# INSTRUCTIONS TO FOLLOW
Please make an exact copy of the lines from the one holding "Xerox 4110, 4590" through the end of the data, both ends included, with no pictures.

# STORED DATA
* * * *
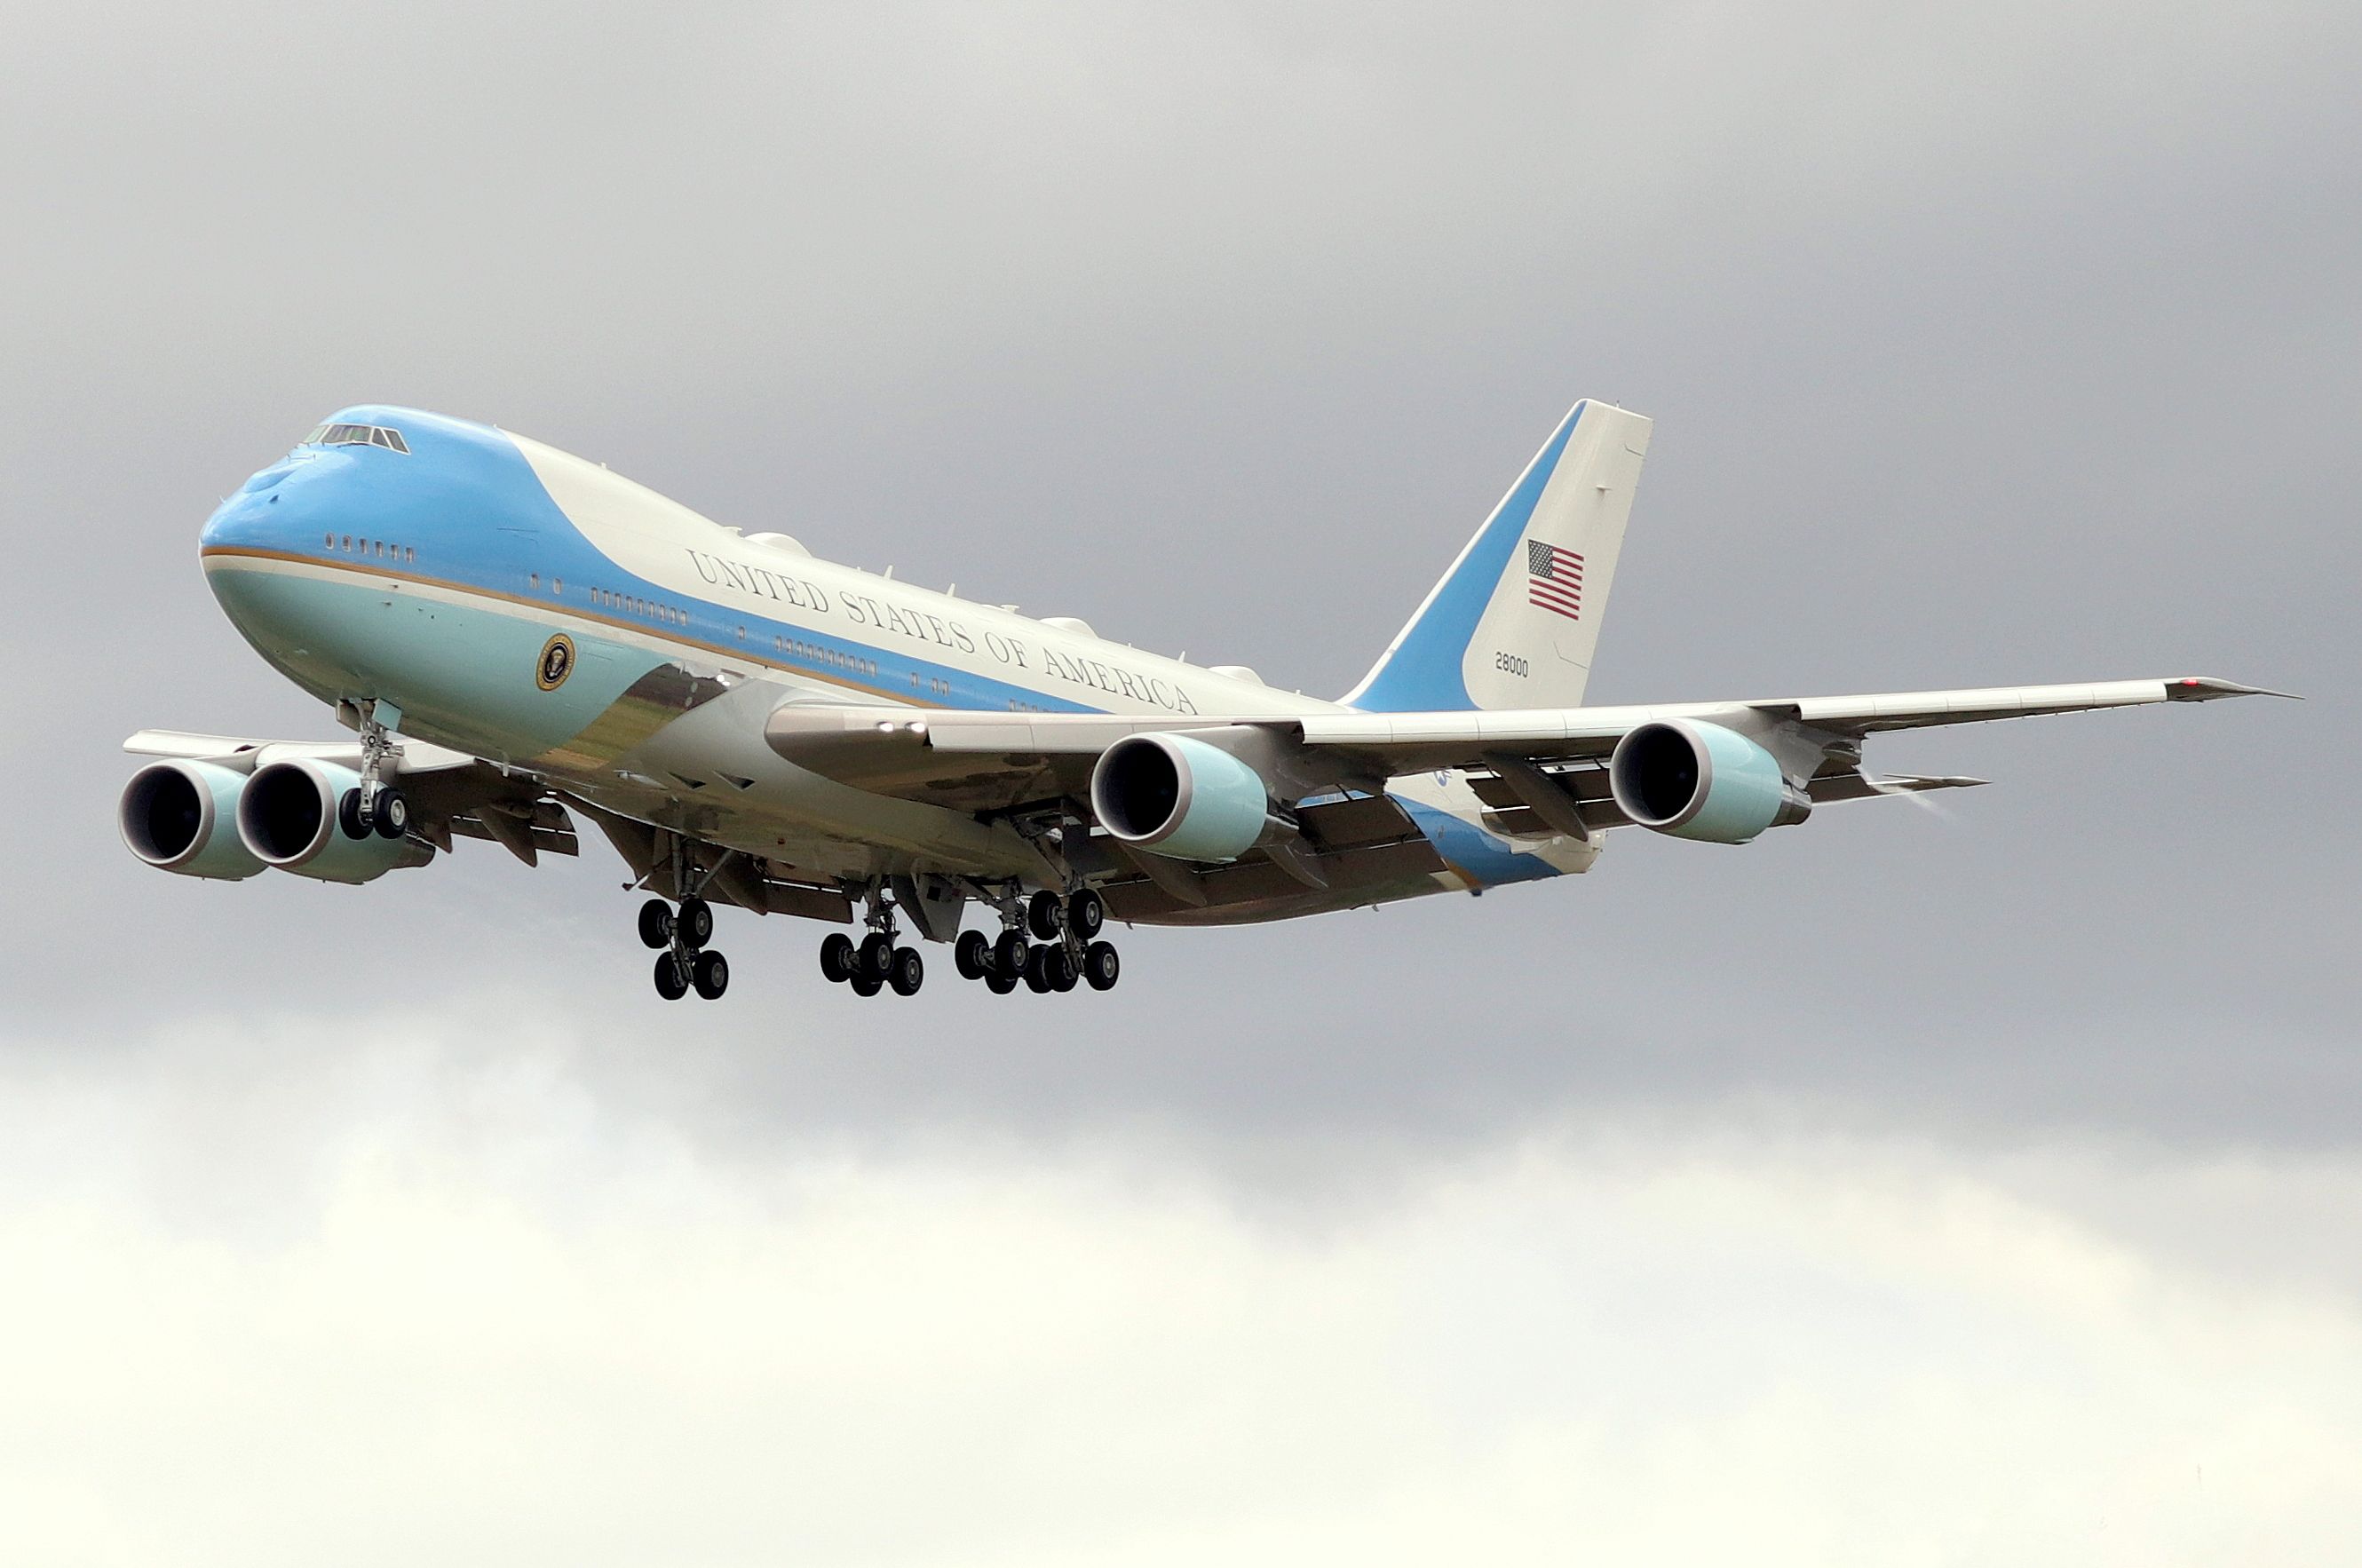 Boeing 747-200 (82-8000) - 'Air Force One' arriving at Pease bringing President Biden to Portsmouth, NH     (4/19)
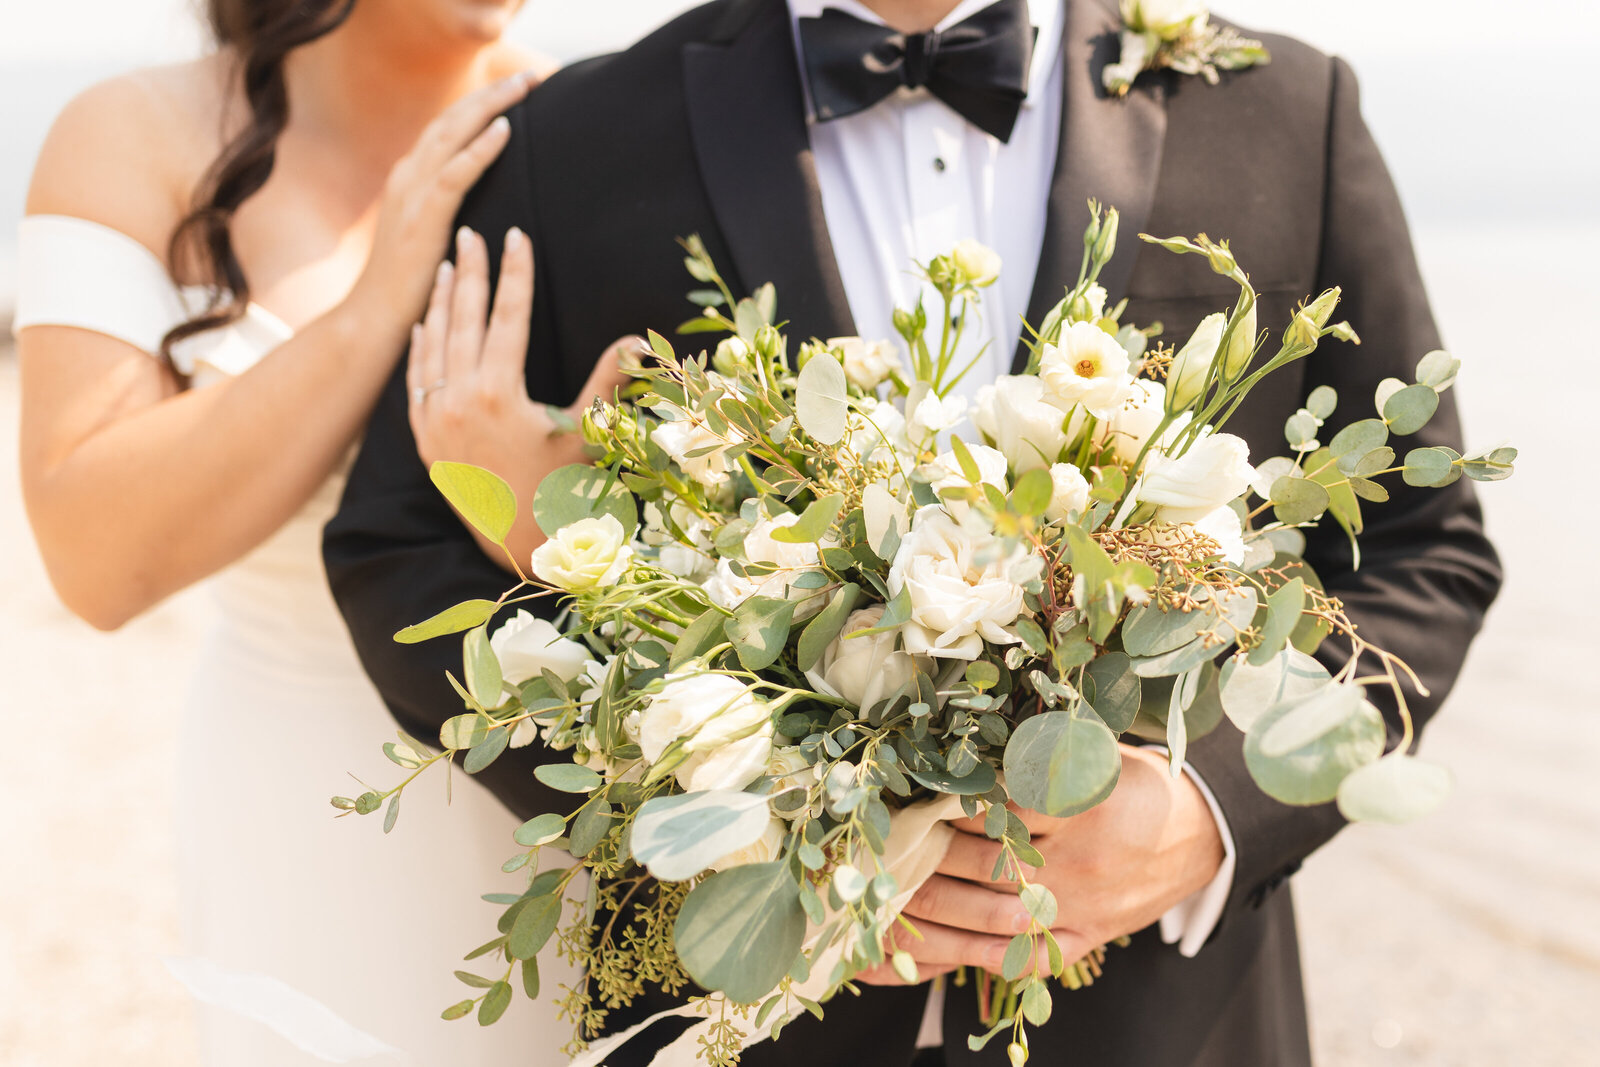 groom holding flower bouquet with bride holding his arm
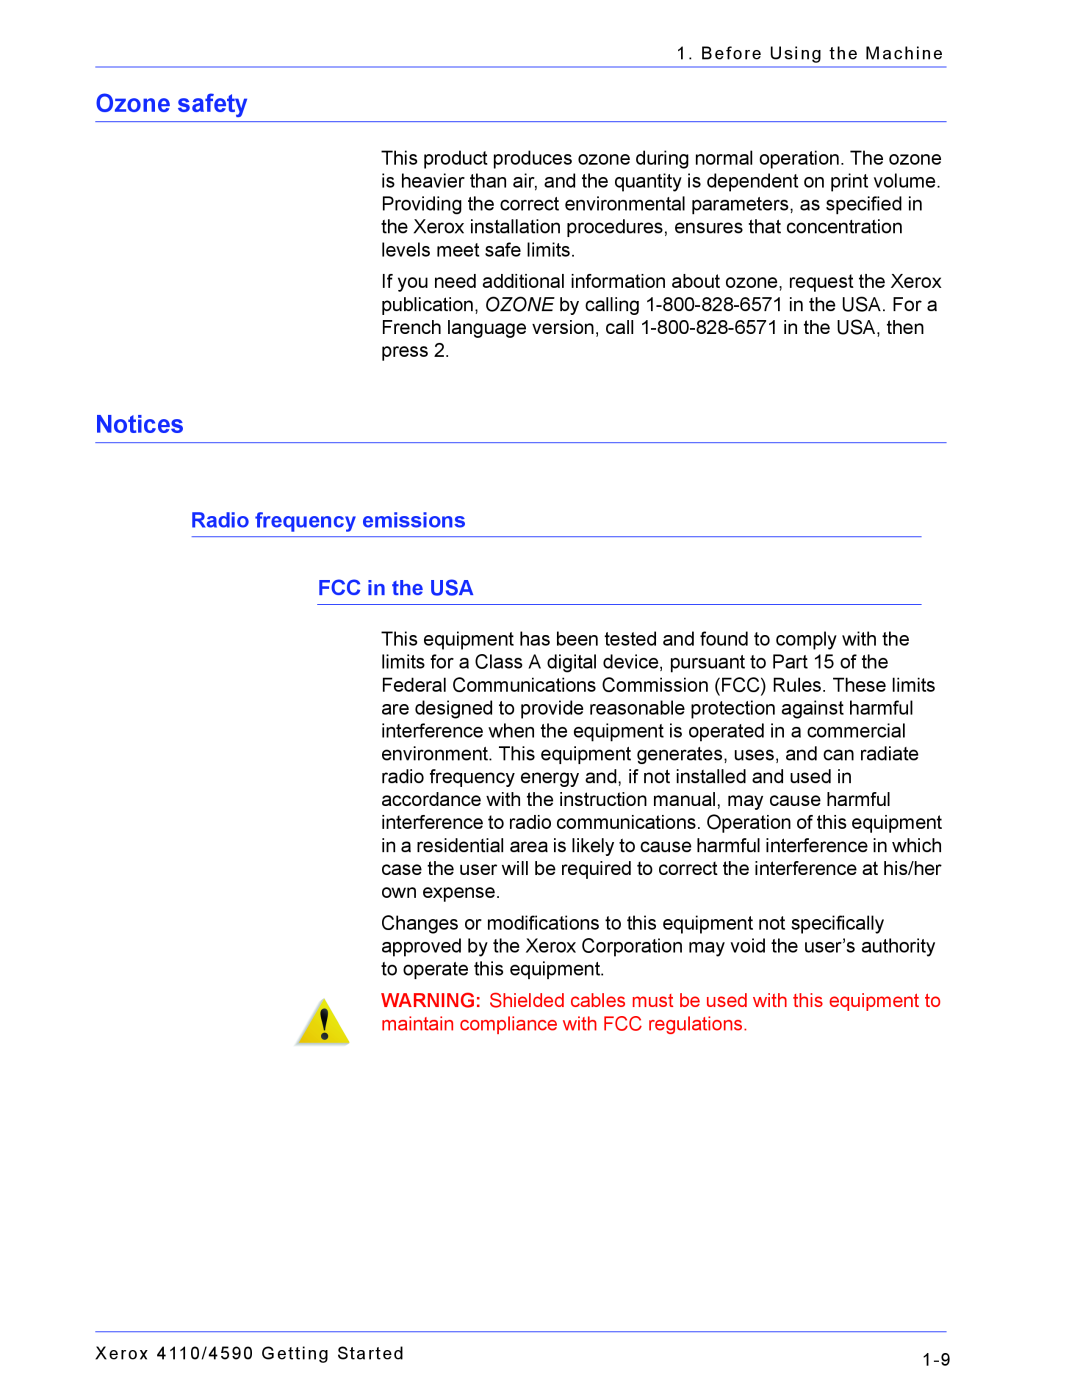 Xerox 4110, 4590 manual Ozone safety, Notices, Radio frequency emissions FCC in the USA 
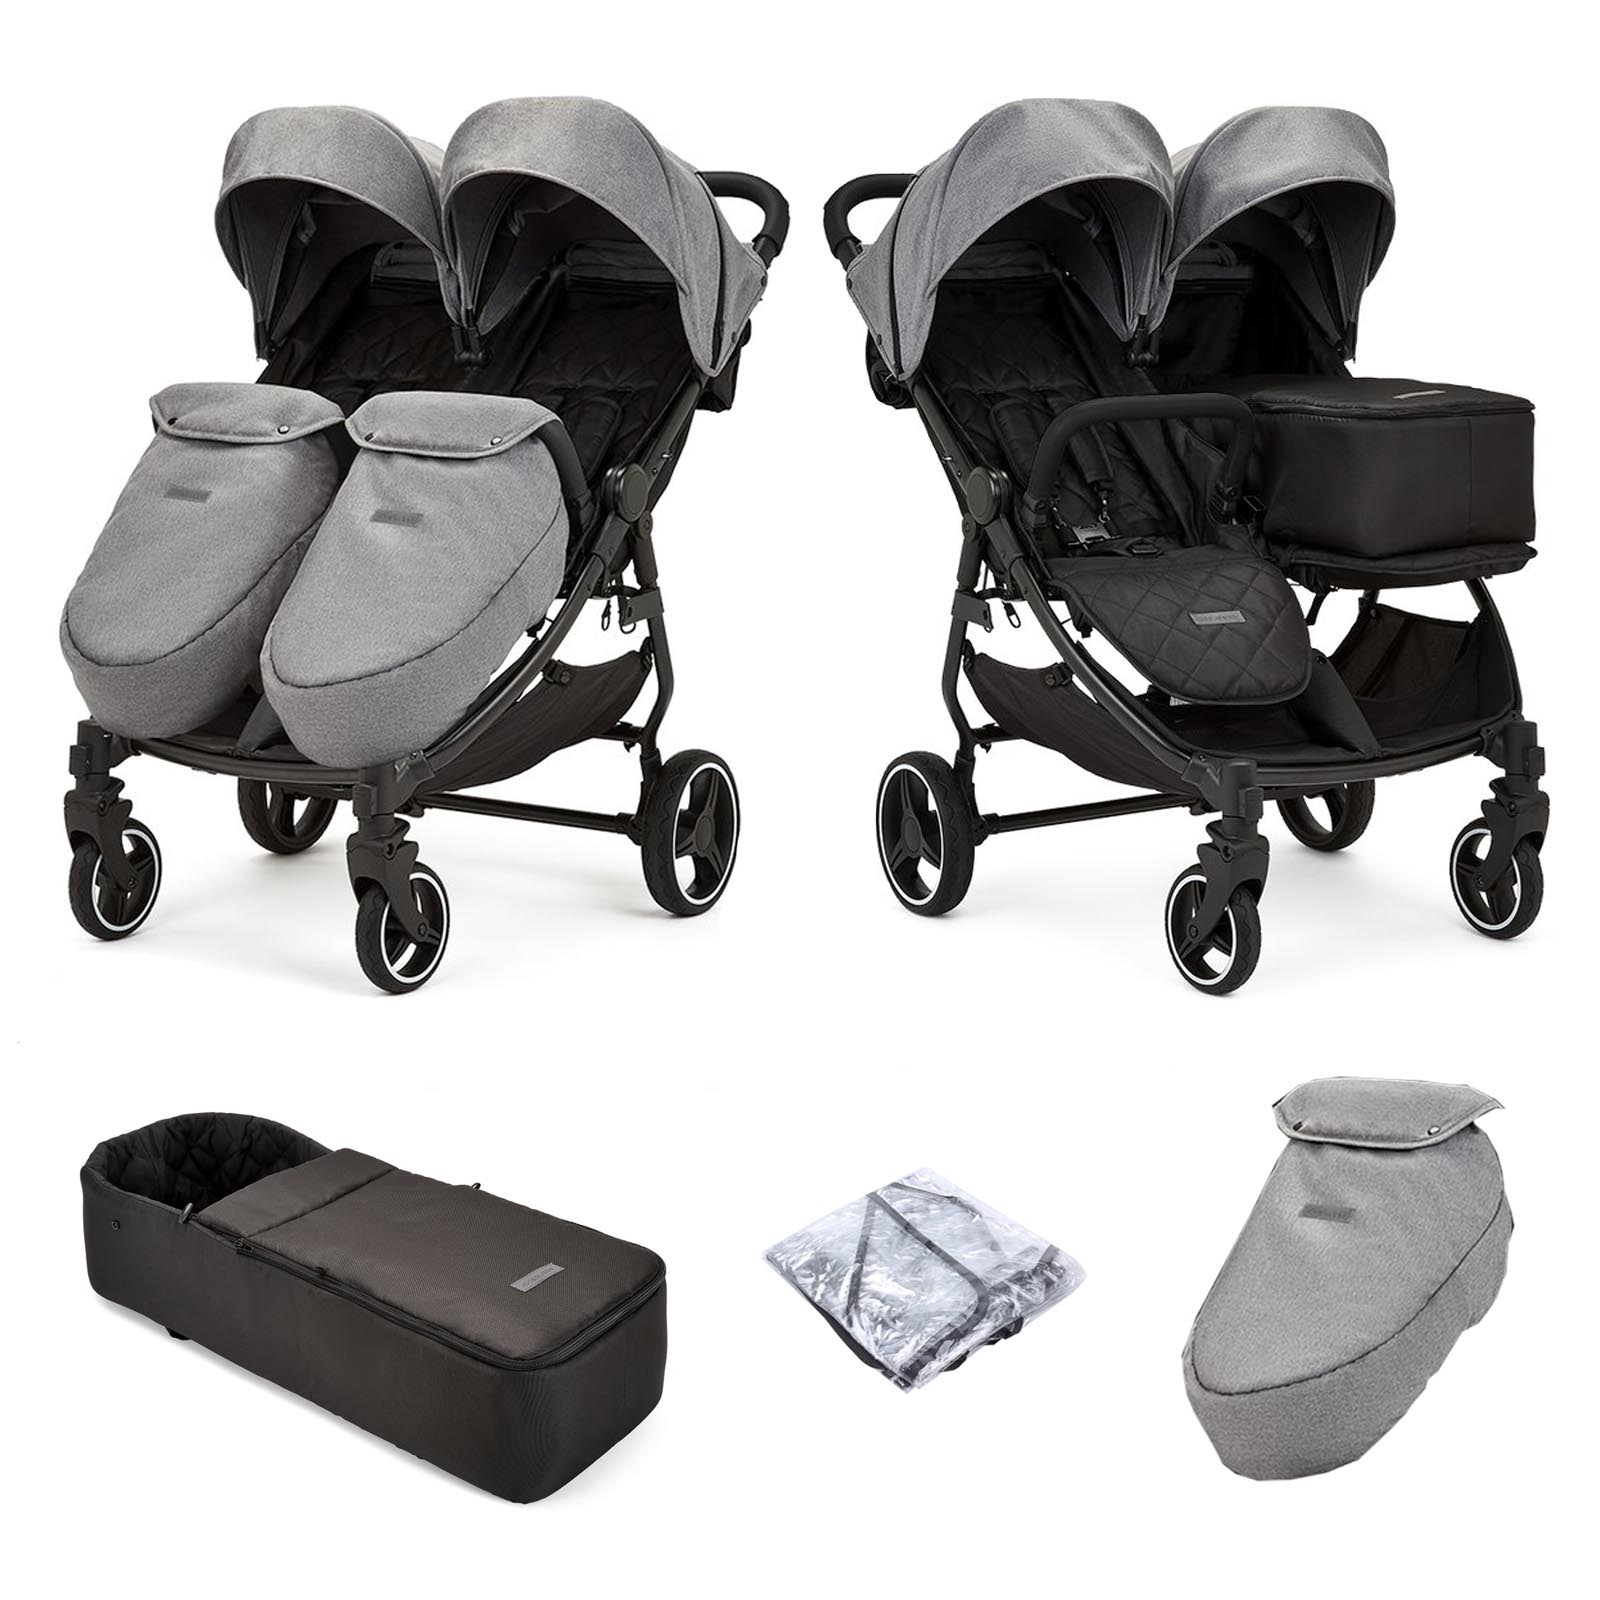 Ickle Bubba Venus Prime Double Pushchair Stroller with Cocoon and Raincover - Grey
* * * *
# WRITTEN RESPONSE
 Xerox 4110, 4590 manual Ozone safety, Notices, Radio frequency emissions FCC in the USA 
 Ickle Bubba Venus Prime Double Pushchair Stroller with Cocoon and Raincover - Grey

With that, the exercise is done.